S.9 Design: Authority Graph and Resource Accounting for Transfer

This document defines the concrete S.9 design gate for:

WORKPLAN 3.6 capability transfer (xfer_cap_count, copy/move, rollback)
WORKPLAN 5.2 ProcessSpawner prerequisites (spawn quotas and result-cap insertion)

S.9 is complete when this design contract is concrete enough to guide implementation. The invariants and acceptance criteria below are implementation gates for later work in 3.6/5.2/S.8/S.12, not requirements for declaring the S.9 design artifact complete.

1. Authority Graph Model

Authority is modeled as a directed multigraph:

Nodes:
- Process(Pid)
- Object(ObjectId) (kernel object identity, independent of per-process CapId)
Edges:
- Hold(Pid -> ObjectId) with metadata:
  - cap_id (table-local handle)
  - interface_id
  - badge
  - transfer_mode (copy, move, non_transferable)
  - origin (kernel, spawn_grant, ipc_transfer, result_cap)

Security invariant A1: all authority is represented by Hold edges; no operation can create object authority outside this graph.

Security invariant A2: each process mutates only its own CapTable edges except through explicit transfer/spawn transactions validated by the kernel.

Security invariant A3: for every live Hold edge there is exactly one cap_id slot in one process table referencing the object generation.

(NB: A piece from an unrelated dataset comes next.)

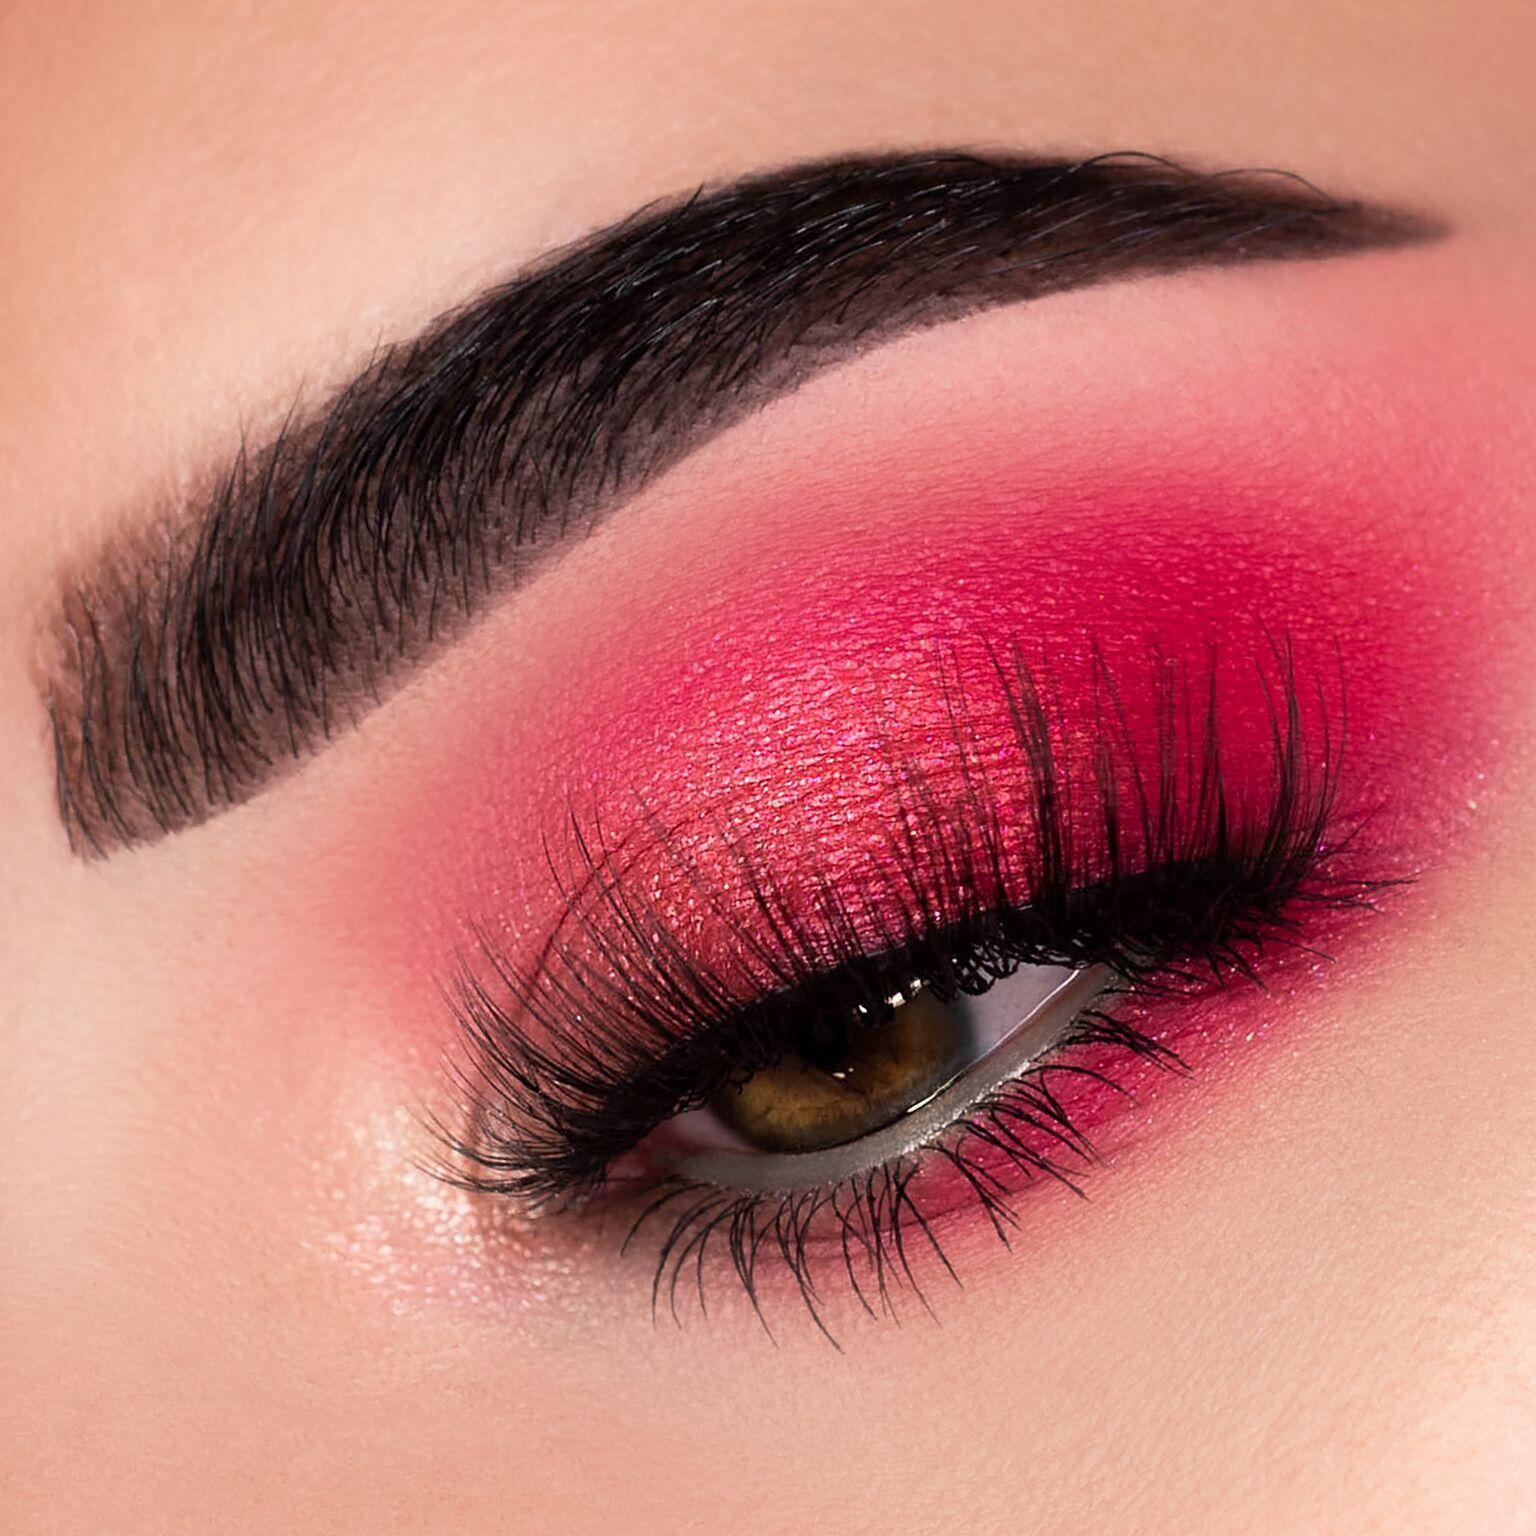 #eyeshadow #vibrant #pinkVibrant Pink Eyeshadow   Artistry ...

2. Per-Process Resource Ledger and Quotas

Each process owns a kernel-maintained ResourceLedger with hard limits. Enforcement is fail-closed at reservation time (before side effects).

ResourceLedger {
  cap_slots_used / cap_slots_max
  endpoint_queue_used / endpoint_queue_max
  outstanding_calls_used / outstanding_calls_max
  scratch_bytes_used / scratch_bytes_max
  frame_grant_pages_used / frame_grant_pages_max
  log_bytes_window_used / log_bytes_per_window (token bucket)
  cpu_time_us_window_used / cpu_budget_us_per_window (token bucket)
}

Initial quota profile for Stage 6/5.2 bring-up (tunable by kernel config):

cap_slots_max: 256
endpoint_queue_max: 128 messages
outstanding_calls_max: 64
scratch_bytes_max: 256 KiB
frame_grant_pages_max: 4096 pages (16 MiB at 4 KiB pages)
log_bytes_per_window: 64 KiB/sec with 256 KiB burst
cpu_budget_us_per_window: 10,000 us per 100,000 us window

Security invariant Q1: no counter may exceed its max.

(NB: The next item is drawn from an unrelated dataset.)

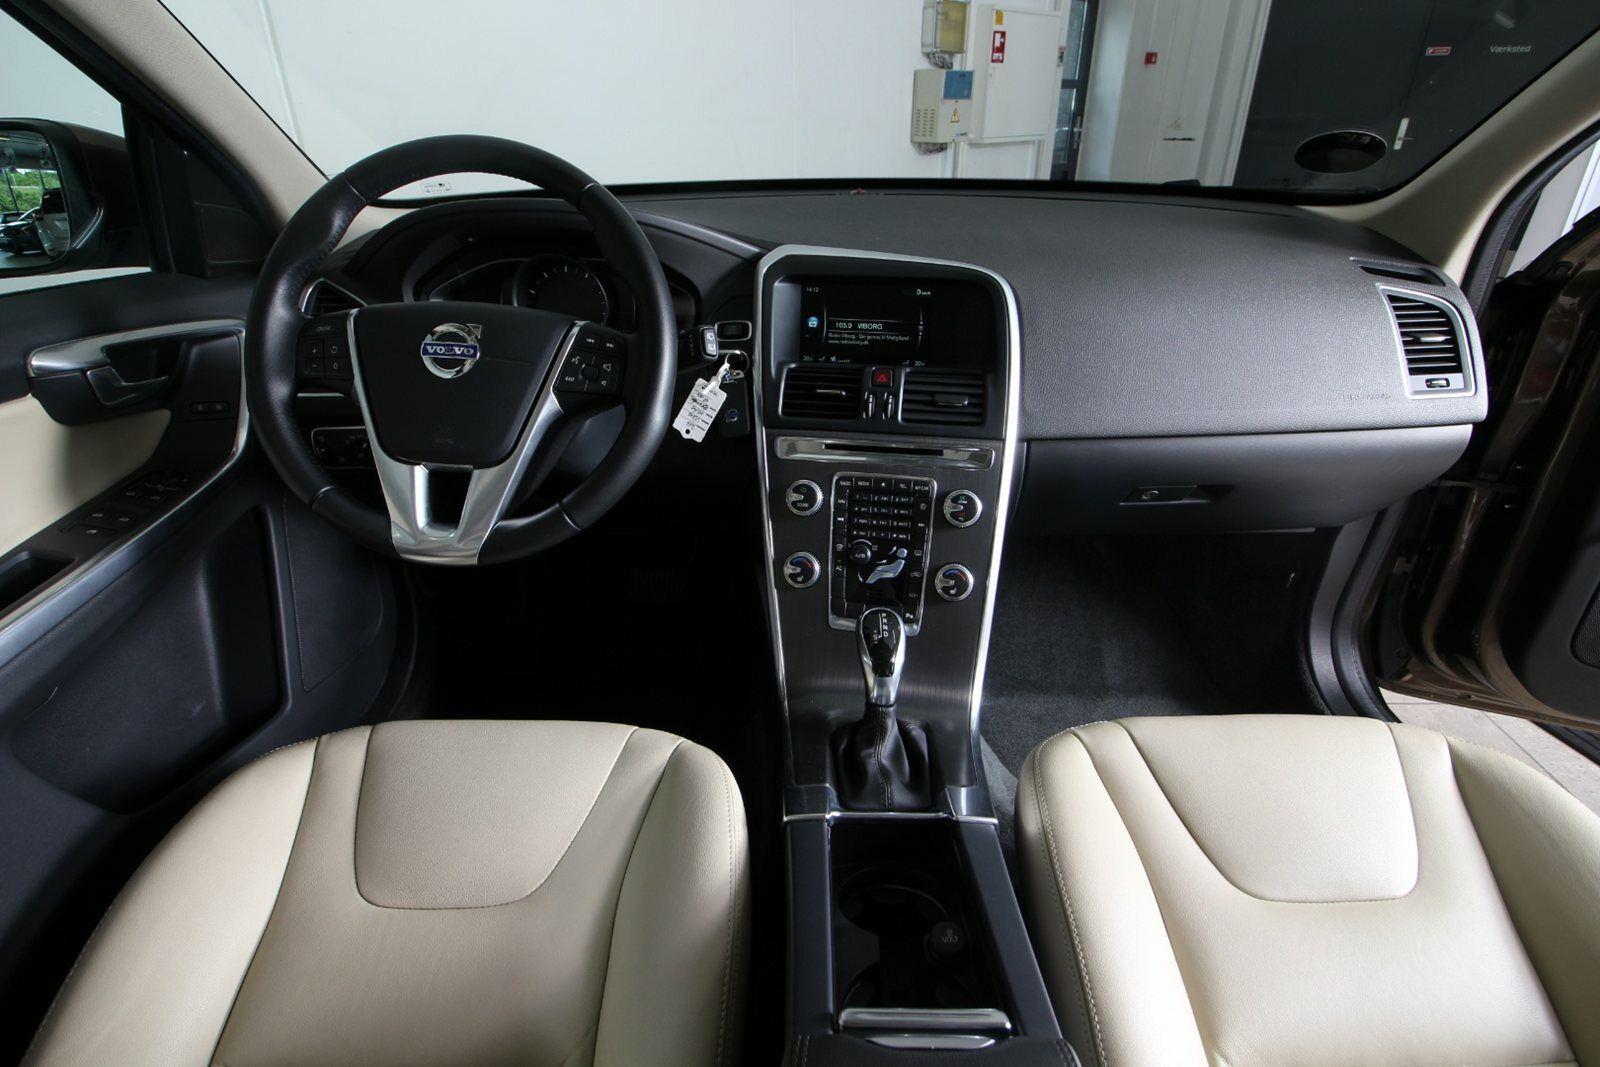 Volvo XC60 T5 245 Momentum aut.

Security invariant Q2: every resource reservation has a matched release on all success, error, timeout, process-exit, and rollback paths.

Security invariant Q3: quota checks for transfer/spawn happen before mutating sender or receiver capability state.

3. Diagnostic Rate Limiting and Aggregation

Repeated invalid ring/cap submissions are aggregated per process and error key.

Key: (pid, error_code, opcode, cap_id_bucket)
Buckets:
- cap_id_bucket = exact cap id for stale/invalid cap failures
- cap_id_bucket = 0 for structural ring errors
Per-key token bucket: allow first N=4 emissions/sec, then suppress.
Suppressed counts are flushed once per second as one summary line:
- pid=X invalid submissions suppressed=Y last_err=...

Security invariant D1: invalid submission floods cannot consume unbounded serial bandwidth or scheduler time in log formatting.

Security invariant D2: suppression never hides first-observation diagnostics for a new (pid,error,opcode,cap bucket) key.

4. Transfer and Rollback Semantics

Transfers (xfer_cap_count > 0) use a kernel transfer transaction (TransferTxn) scoped to a single SQE dispatch. The current ring ABI does not provide kernel-owned SQE sequence numbers or a durable transaction table, so userspace replay of a copy-transfer SQE is repeatable: each replay is treated as a new copy grant. Move-transfer replay fails closed after the source slot is removed or reserved by the first successful dispatch.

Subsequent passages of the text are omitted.